Novella a Day in May 2023 – No.1

The Story of Stanley Brent – Elizabeth Berridge (1945) 75 pages

Oh dear, I am so behind on everyone’s blogs and of course my own blogging. I hope everyone is well and reading lots of lovely books, and that those in the northern hemisphere are enjoying the longer, lighter days. I’m really hoping May sees me catching up with the blogosphere, and against my better judgement I’m going to give my annual Novella a Day in May a bash too…

Elizabeth Berridge is a writer that I really wanted to get to, and thankfully she has a couple of novellas to her name, so this month seemed the perfect time. The Story of Stanley Brent was her debut and at 75 pages it just makes my criteria for a novella* rather than a short story (in modern editions, my old edition is a bit shorter so I’m starting the month by cheating 😀 )

Opening five years into the last century with a proposal of marriage hastily undertaken on an aunt’s landing, Berridge expertly sets up the themes of her novella: domesticity, social awkwardness, romantic hopes butting up against worldly realities (in this instance, not being able to embrace fully as Ada is in a dressing gown and risks her decency).

The proposal brings out the very different characters of the titular protagonist and his betrothed:

“Ada saved quietly and fiercely for a good home, Stanley lived in the moment and hoped for some stroke of luck, content with the right to kiss his fiancé and hold her hand without reproach, to sit out dances with her. She was promised to him, that was enough.”

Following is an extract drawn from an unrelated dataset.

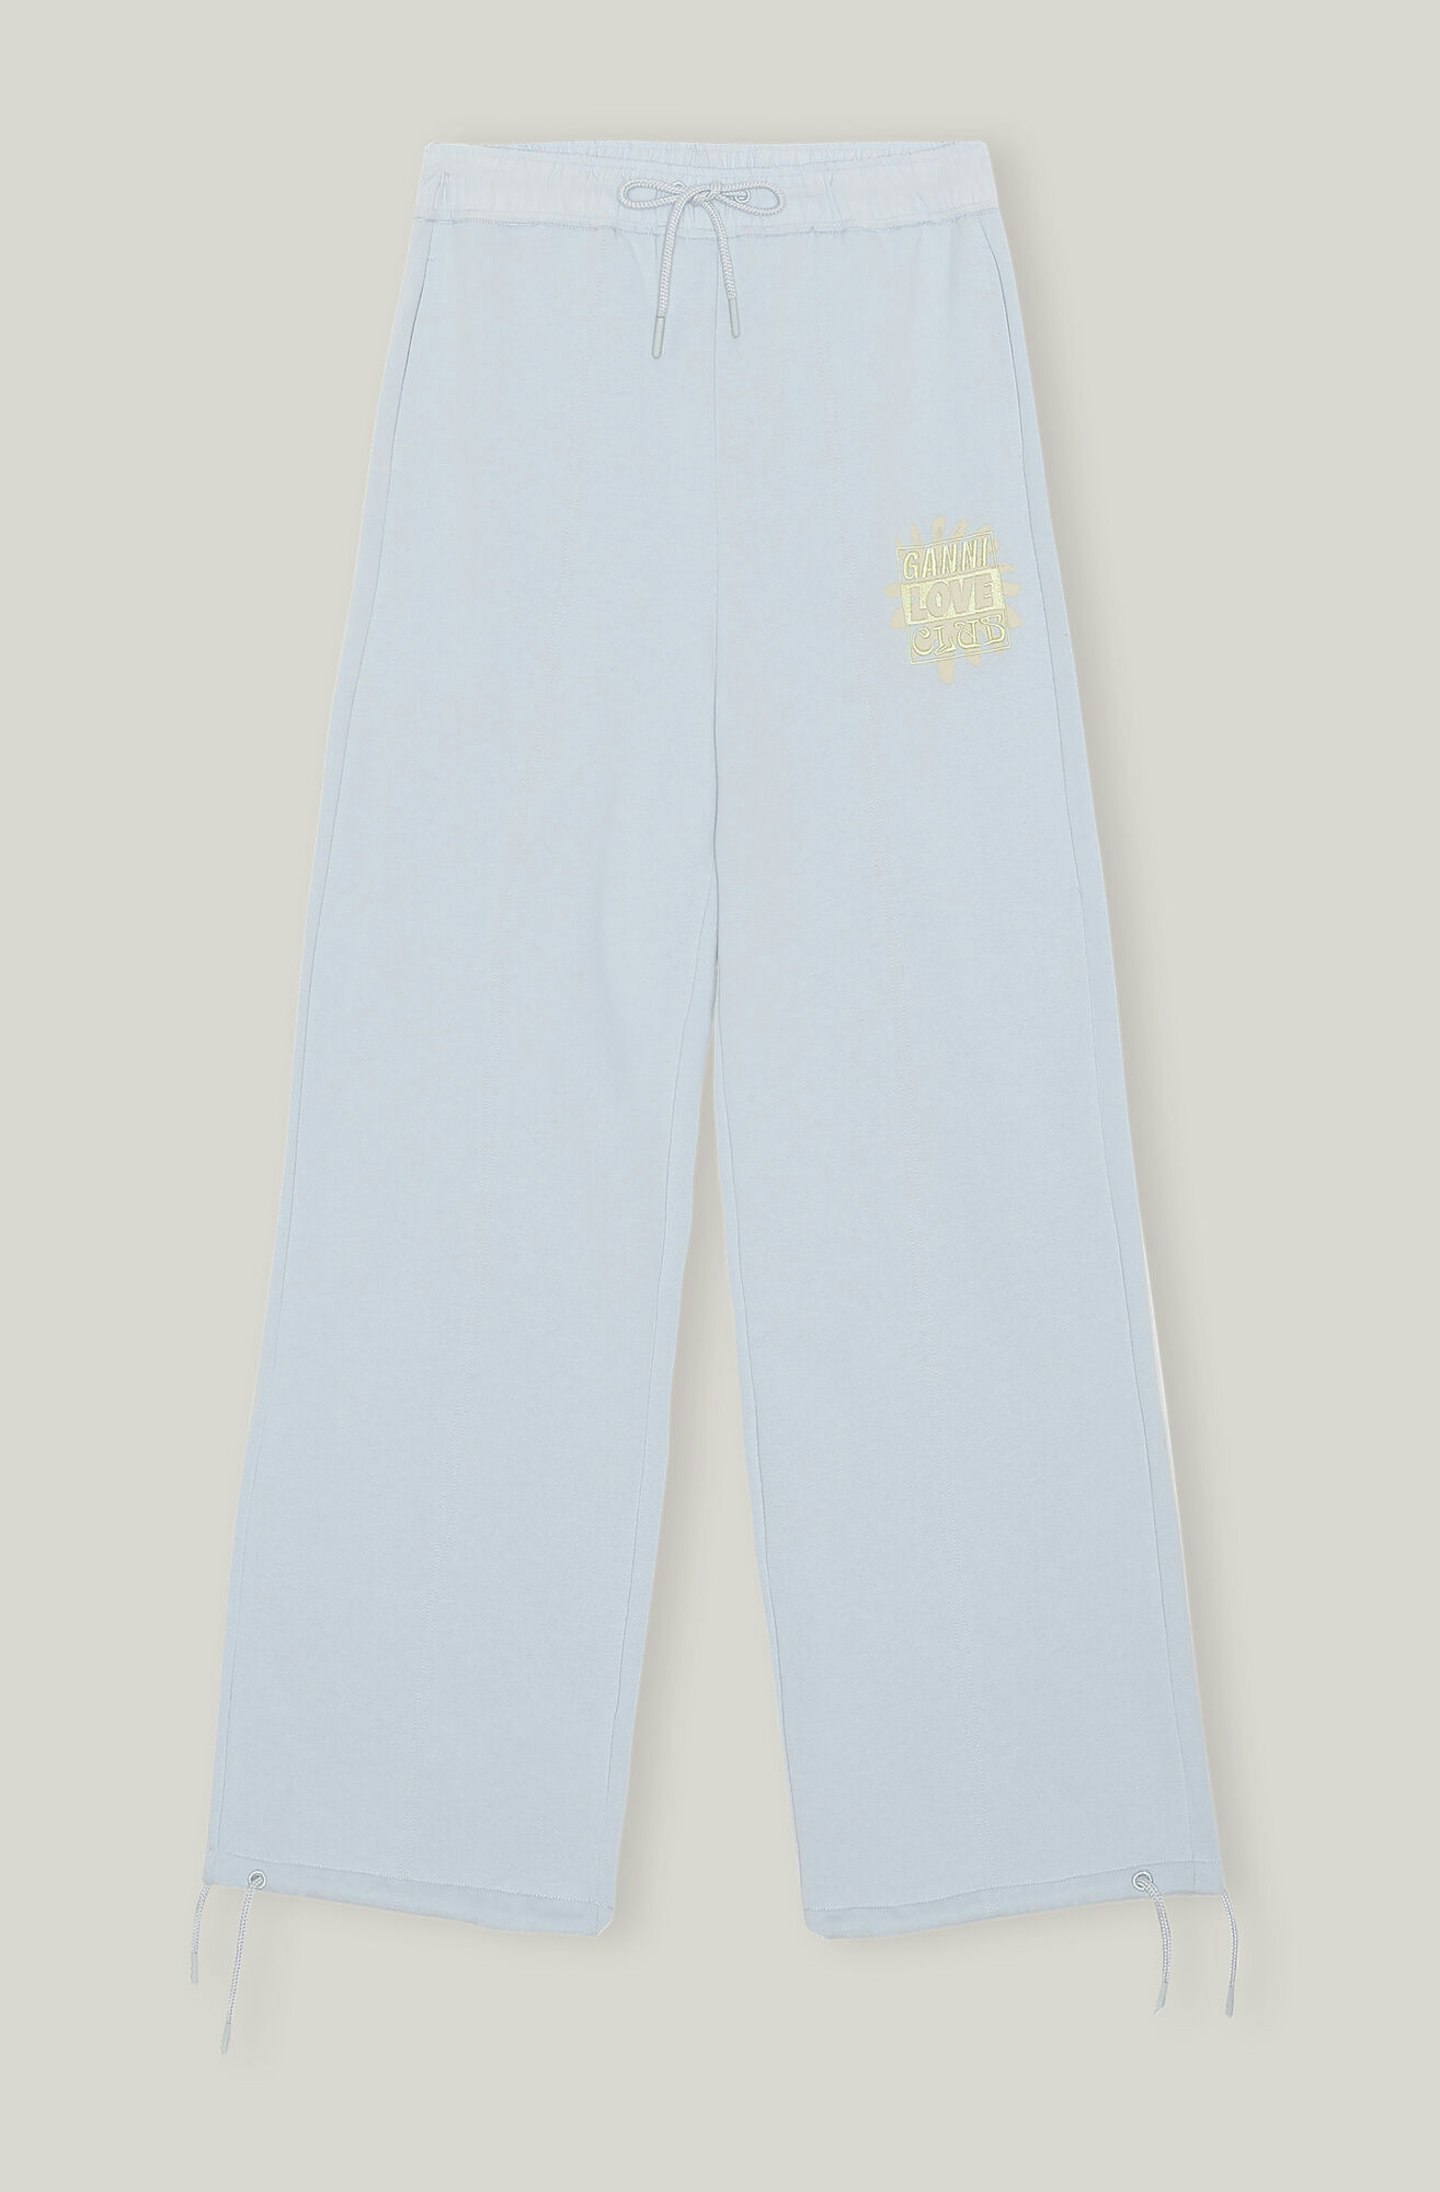 Ganni, Drawstring Isoli Sweatpants, £165

Things being enough while Ada hopes for more, will continue through their marriage. Stanley, so determinedly placed by Berridge at the centre of the story, is rarely the leading man of his own life. He drifts into middle management but doesn’t drive the estate agency in any direction and fails to keep up with the changing world. The First World War happens away from him, unable to join up due to a back problem. The Great Strike has a limited impact on his life beyond the train disruption challenging his commuting routine.

His lack of reflection or insight has traumatic consequences for Ada on their wedding night. The impact of total sexual ignorance is dealt with frankly by Berridge, reminding me of Ian McEwan’s On Chesil Beach:

“That her body, washed meticulously and yet ignored by her, should attain such an importance, should cause a good and decent man like Stanley to be so – so bestial and undignified, was shattering. If Stanley could not be trusted, who could? And yet her friends who were married seemed happy enough, they had children… at this a fierce fearful doubt struck her. Suppose they, as Stanley had said, taut and angry, his patience gone, suppose they enjoyed this hateful and frightening thing?”

Somehow the couple recover, conceive two children, and things tick along. Ada has an extra-marital affair, Stanley drinks more heavily over the years. They are lives of quiet desperation, and I felt Stanley’s story was a sad one, all the more so because he didn’t seem to realise he had the power to make it a different one.  

“He shook his head. It was all too big for him, he must keep to the small things, the concrete reasons, solid as stepping stones in turbulent waters.”

His father-in-law is another powerless, sad man in the story, one who plays an unfinished tune on the violins he makes and mends. A melancholy refrain in the book but somehow I didn’t find TSOSB depressing. It ends on a hopeful note, but one which may or may not be realised.

I was so impressed by this first encounter with Elizabeth Berridge and it definitely made me keen to read more. I have Across the Common by her and it’s fewer than 200 pages so maybe I’ll even manage it later this month 😊

Someone less impressed than me was a previous owner of my very old secondhand copy, who inscribed it with the following:

“Berthe, from Mother. Sorry, a very bad choice. No Spiritual Outlook. October 1945.”

I would love to have known how Berthe found it. I hope she enjoyed it more than her mother did.